The assay can be selected, and any `rowData` or `colData` columns can be 
specified as annotation:

```{r}
rowData(SE)$meanLogCPM <- rowMeans(assays(SE)$logcpm)
sechm(SE, features=g, assayName="logFC", top_annotation=c("Condition","Time"), left_annotation=c("meanLogCPM"))
```

Column names are ommitted by default, but can be displayed:

```{r}
sechm(SE, features=g, do.scale=TRUE, show_colnames=TRUE)
```


Since `sechm` uses the 
*[ComplexHeatmap](https://jokergoo.github.io/ComplexHeatmap-reference/book/)* 
engine for plotting, any argument of `ComplexHeatmap::Heatmap` can be passed:

```{r}
sechm(SE, features=g, do.scale=TRUE, row_title="My genes")
```
When plotting a lot of rows, by default row names are not shown (can be 
overriden), but specific genes can be highlighted with the `mark` argument:

```{r}
sechm(SE, features=row.names(SE), mark=g, do.scale=TRUE, top_annotation=c("Condition","Time"))
```

We can also add gaps using the same columns:

```{r}
sechm(SE, features=g, do.scale=TRUE, top_annotation="Time", gaps_at="Condition")
```


## Row ordering

By default, rows are _sorted_ using the MDS angle method (can be altered with 
the `sort.method` argument); this can be disabled with:

```{r}
# reverts to clustering:
sechm(SE, features=row.names(SE), do.scale=TRUE, sortRowsOn=NULL)
# no reordering:
sechm(SE, features=row.names(SE), do.scale=TRUE, sortRowsOn=NULL, 
      cluster_rows=FALSE)
```

It is also possible to combine sorting with clusters using the `toporder` argument, or using gaps:. 

```{r}
# we first cluster rows, and save the clusters in the rowData:
rowData(SE)$cluster <- as.character(kmeans(t(scale(t(assay(SE)))),5)$cluster)
sechm(SE, features=1:30, do.scale=TRUE, toporder="cluster", 
      left_annotation="cluster", show_rownames=FALSE)
sechm(SE, features=1:30, do.scale=TRUE, gaps_row="cluster",
      show_rownames=FALSE)
```

## Color scale

`sechm` tries to guess whether the data plotted are centered around zero, and 
adjusts the scale accordingly (this can be disable with `breaks=FALSE`).

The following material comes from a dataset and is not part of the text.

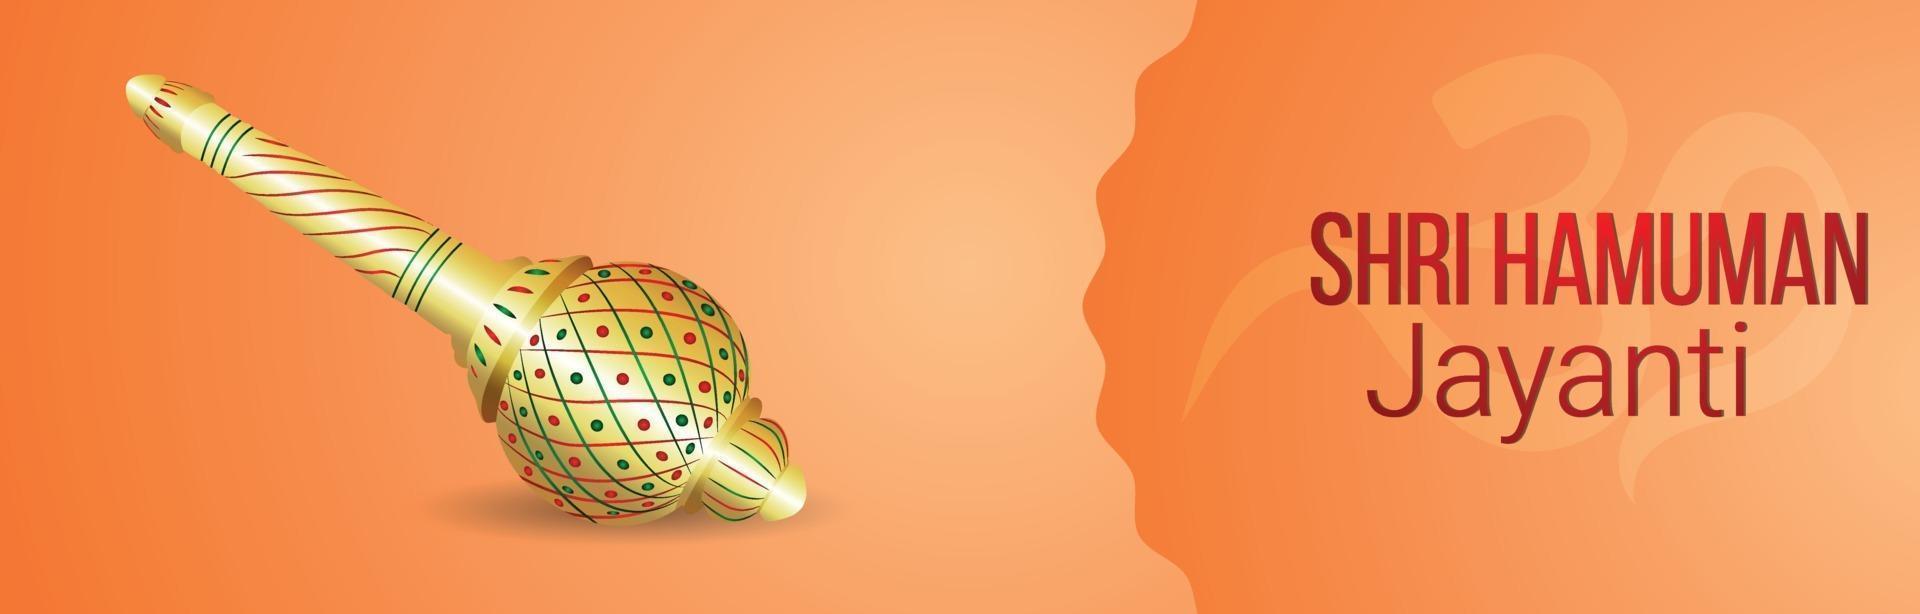 hanuman jayanti firande banner eller rubrik vektor

It 
also performs a quantile capping to avoid extreme values taking most of the 
color scale, which is especially relevant when plotting for instance 
fold-changes. This can be controlled with the `breaks` argument. Consider the 
three following examples:

```{r, fig.width=9}
library(ComplexHeatmap)
g2 <- c(g,"Gm14288",tail(row.names(SE)))
draw(
    sechm(SE, features=g2, assayName="logFC", breaks=1, column_title="breaks=1") + 
    sechm(SE, features=g2, assayName="logFC", breaks=0.995, 
          column_title="breaks=0.995", name="logFC(2)") + 
    sechm(SE, features=g2, assayName="logFC", breaks=0.985, 
          column_title="breaks=0.985", name="logFC(3)"),
    merge_legends=TRUE)
```

With `breaks=1`, the scale is made symmetric, but not quantile capping is 
performed. In this way, most of the colorscale is taken by the difference 
between one datapoint (first gene) and the rest, making it difficult to 
distinguish patterns in the genes at the bottom. Instead, with `breaks=0.985`, 
the color scale is linear up until the 0.985 quantile of the data, and ordinal 
after this. This reduces our capacity to distinguish variations between the 
extreme values, but enables us to visualize the others better.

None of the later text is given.